Obama takes on rivals over economic woes
JANESVILLE, Wisconsin (Reuters) - Buoyed by a string of eight consecutive victories, Democratic presidential contender Barack Obama bashed rival Hillary Clinton over the ailing U.S. economy on Wednesday and also took aim at Republican front-runner John McCain.
The Illinois senator, a day after sweeping three more Democratic presidential contests, unveiled an initiative to produce 5 million new jobs in the green energy sector and promised to create a development bank that would invest $60 billion to rebuild the nation's infrastructure.
"We are not standing on the brink of recession due to forces beyond our control," Obama said in Wisconsin, which holds the next Democratic nominating contest on Tuesday.
"It was a failure of leadership and imagination in Washington -- the culmination of decades of decisions that were made or put off without regard to the realities of a global economy."
Obama, who would be the first black U.S. president if he wins the November election, made his remarks at a Janesville, Wisconsin plant that produces General Motors' popular sport utility vehicles and has been seen as vulnerable to being closed.
He used the occasion to criticize both his main rivals, Democrat Clinton and Republican McCain, saying they had wasted billions of dollars and cost thousands of lives by supporting an unnecessary war in Iraq as U.S. senators.
He accused Clinton of changing her stance on the North American Free Trade Agreement with Mexico and Canada, saying she supported it when it was signed but now says "we need a time-out on trade."
"I don't know about a time-out, but I do know this -- when I am president, I will not sign another trade agreement unless it has protections for our environment and protections for American workers," Obama said, adding he would end tax breaks for companies that ship jobs overseas.
Clinton aides said Obama's ideas for an infrastructure development bank and 5 million green energy sector jobs were taken from her own campaign proposals.
"If Senator Obama cannot produce his own ideas on the campaign trail, how will he solve new problems as president?" asked Neera Tanden, Clinton's policy director.
McCAIN MOMENTUM
McCain, riding his own wave of momentum after sweeping the Republican primaries on Tuesday in Virginia, Washington, D.C., and Maryland, fired back on Iraq, saying developments showed Democrats had been premature in demanding a withdrawal of U.S. forces.
"They said that we would never succeed militarily, then we began to succeed militarily," McCain said in Washington after picking up the endorsement of Republican leaders in the House of Representatives.
While Obama campaigned in Wisconsin, Clinton focused on contests in the heavily populated states of Ohio and Texas in three weeks as her best hope to stop Obama's surge.
Tuesday's victories gave Obama scores of additional pledged delegates to the Democratic Party's presidential nominating convention in August.
Obama had 1,078 pledged delegates to Clinton's 969, according to a count by MSNBC, and his campaign said it was unlikely the former first lady would be able to catch up.

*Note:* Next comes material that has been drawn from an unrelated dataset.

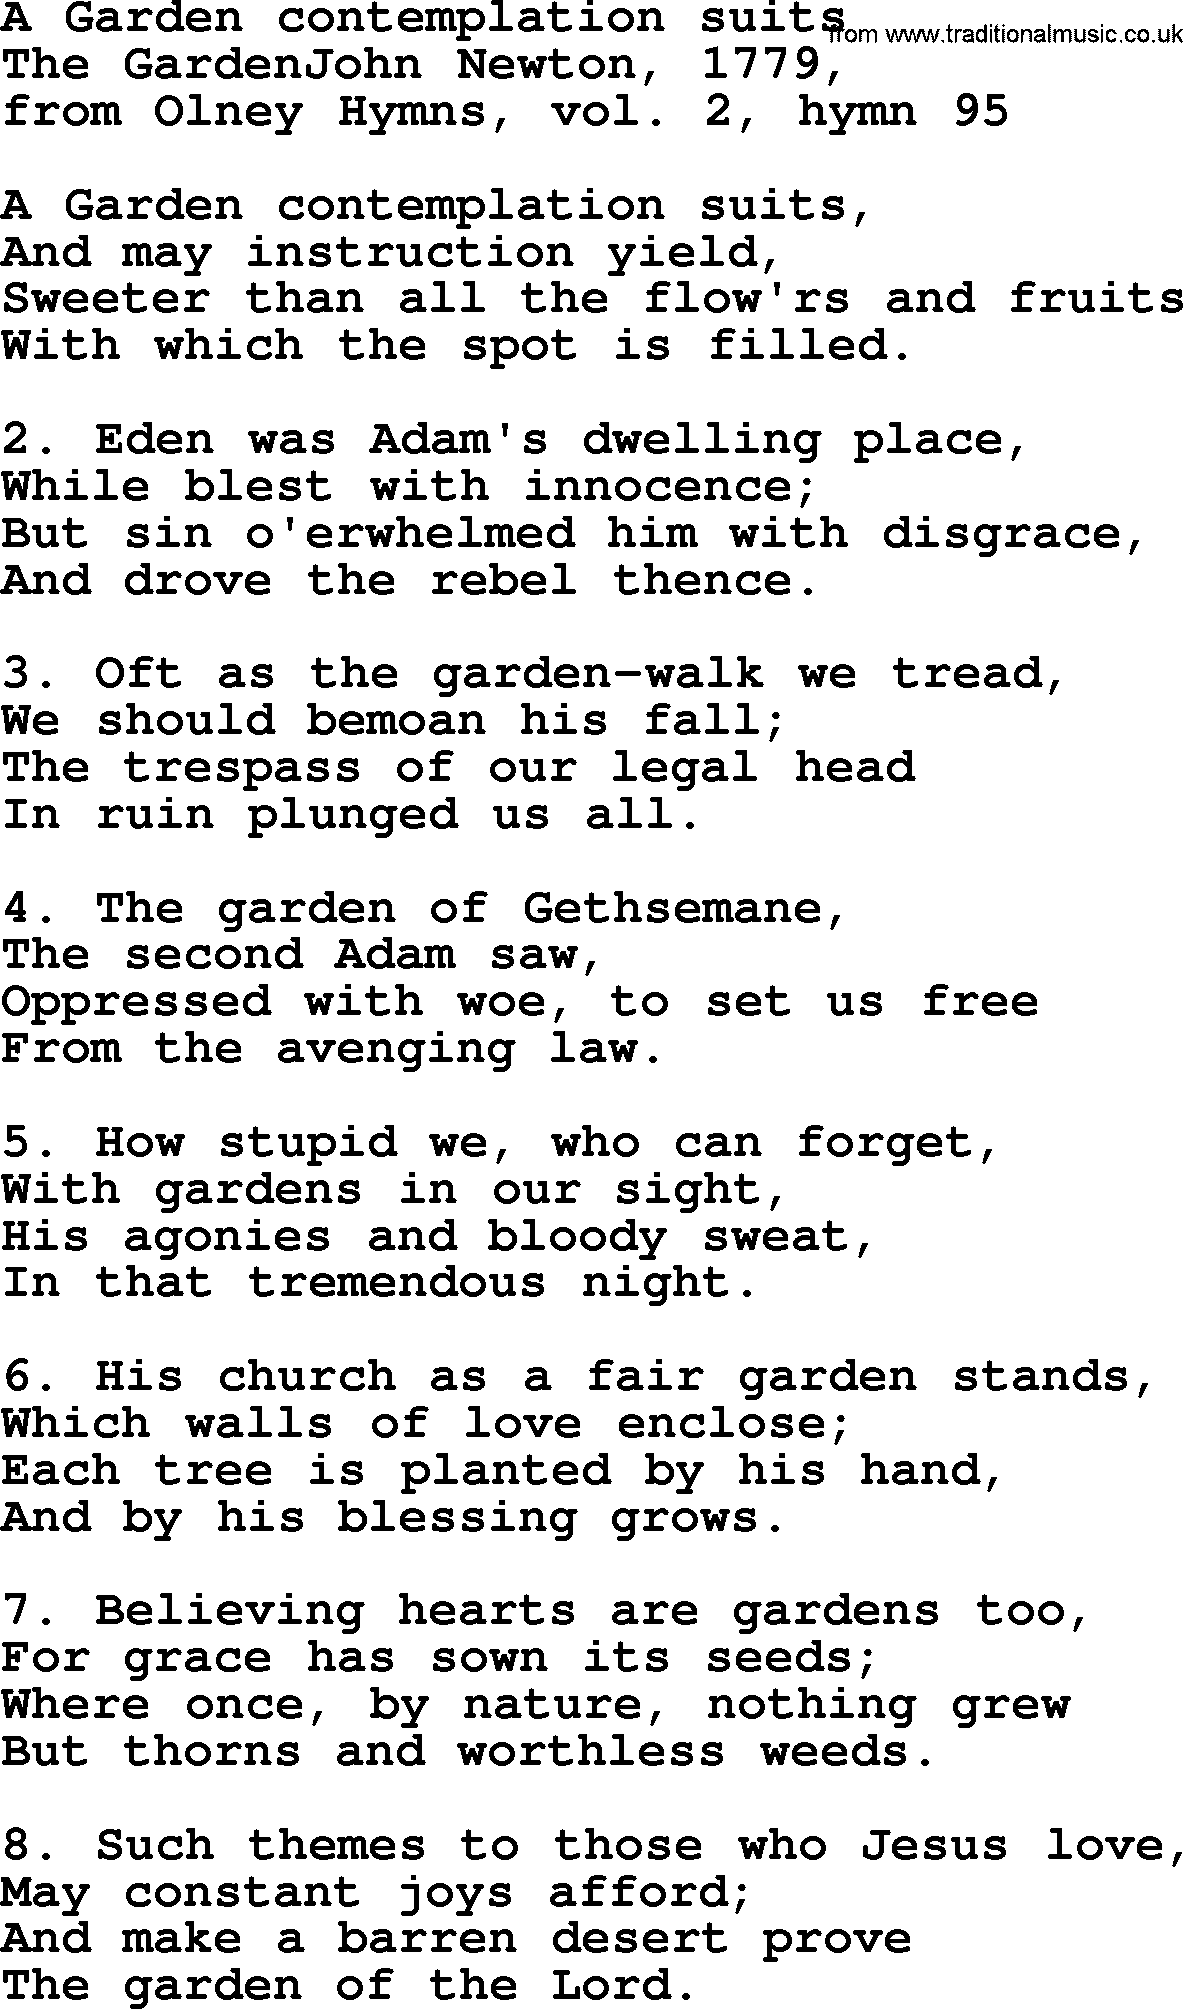 John Newton hymn: A Garden Contemplation Suits, lyrics

A candidate needs 2,025 to clinch the Democratic nomination.
"We believe it's next to impossible for Senator Clinton to close that pledged delegate count," said David Plouffe, Obama's campaign manager. "The only way she could do it is winning most of the rest of the contests by 25 to 30 points."
Guy Cecil, political director for the Clinton campaign, said after the March 4 contests in Ohio and Texas the total delegate count between the two candidates would be within 25.

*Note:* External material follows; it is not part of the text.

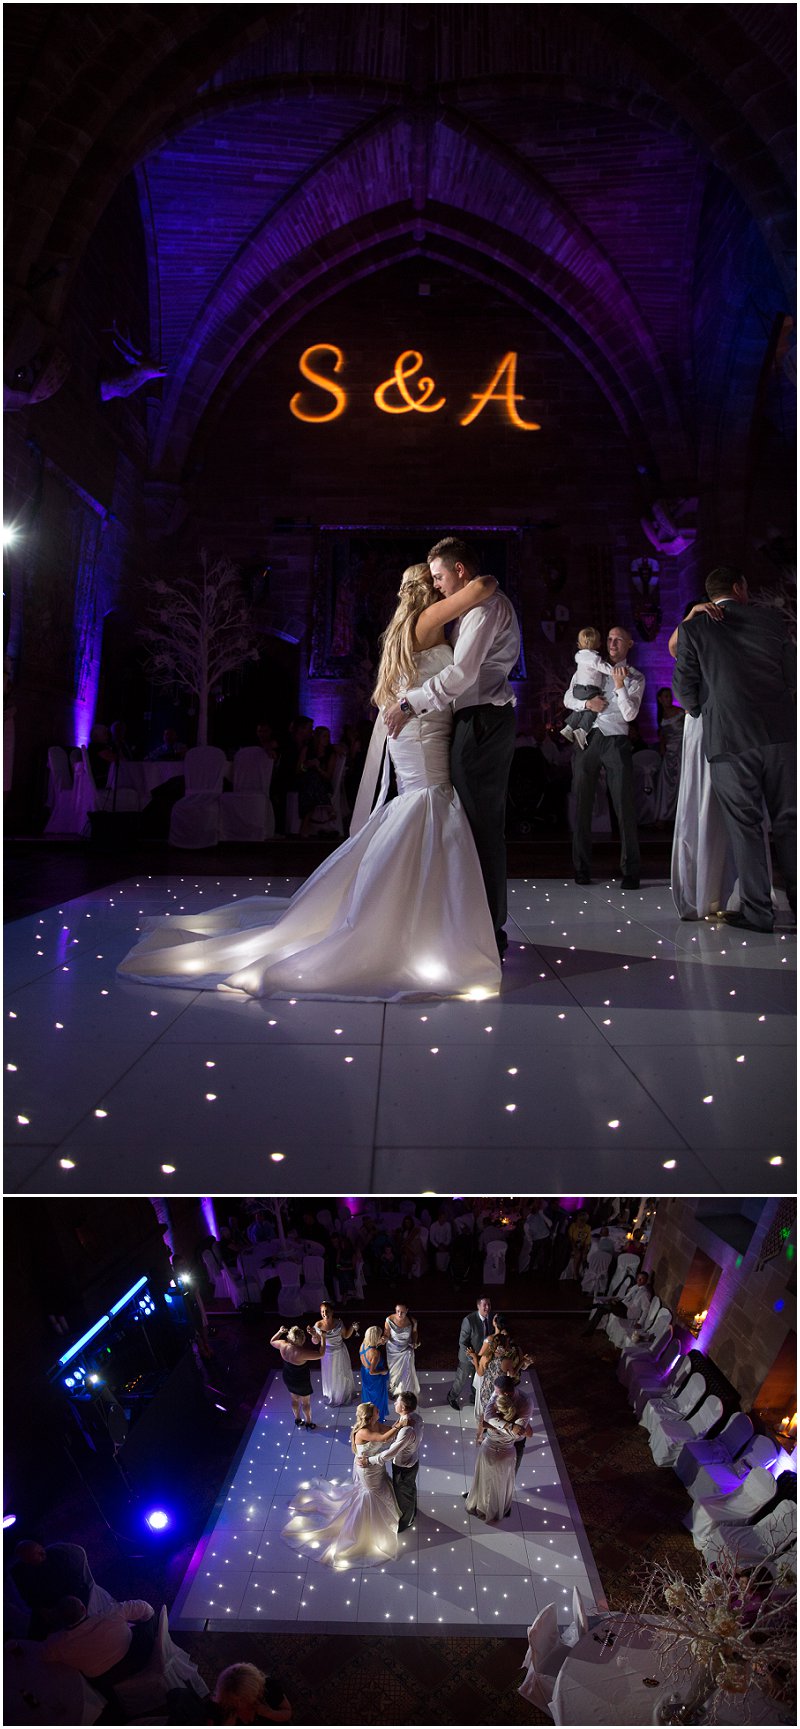 Bride and groom | Award Winning Wedding Photography Karli Harrison Photographer

The former first lady, who would be the first female president, spent the day campaigning in Texas, courting Hispanic voters, and launched a series of new ads aimed at Ohio and Texas.
She shrugged off Tuesday's losses, saying Obama had been expected to win the contests and congratulating him on his victory. But she issued a challenge, saying: "Tell him to meet me in Texas. We're ready."
The New York senator dismissed Obama's criticism over the economy, saying his plans fell short on extending health care to all Americans, on dealing with the mortgage crisis and expanding the use of renewable energy.
"I don't know how you take on the economy and produce real results for people if you don't stay focused on how we're going to create the good new jobs of the future," she said. "It's a difference between promises and solutions."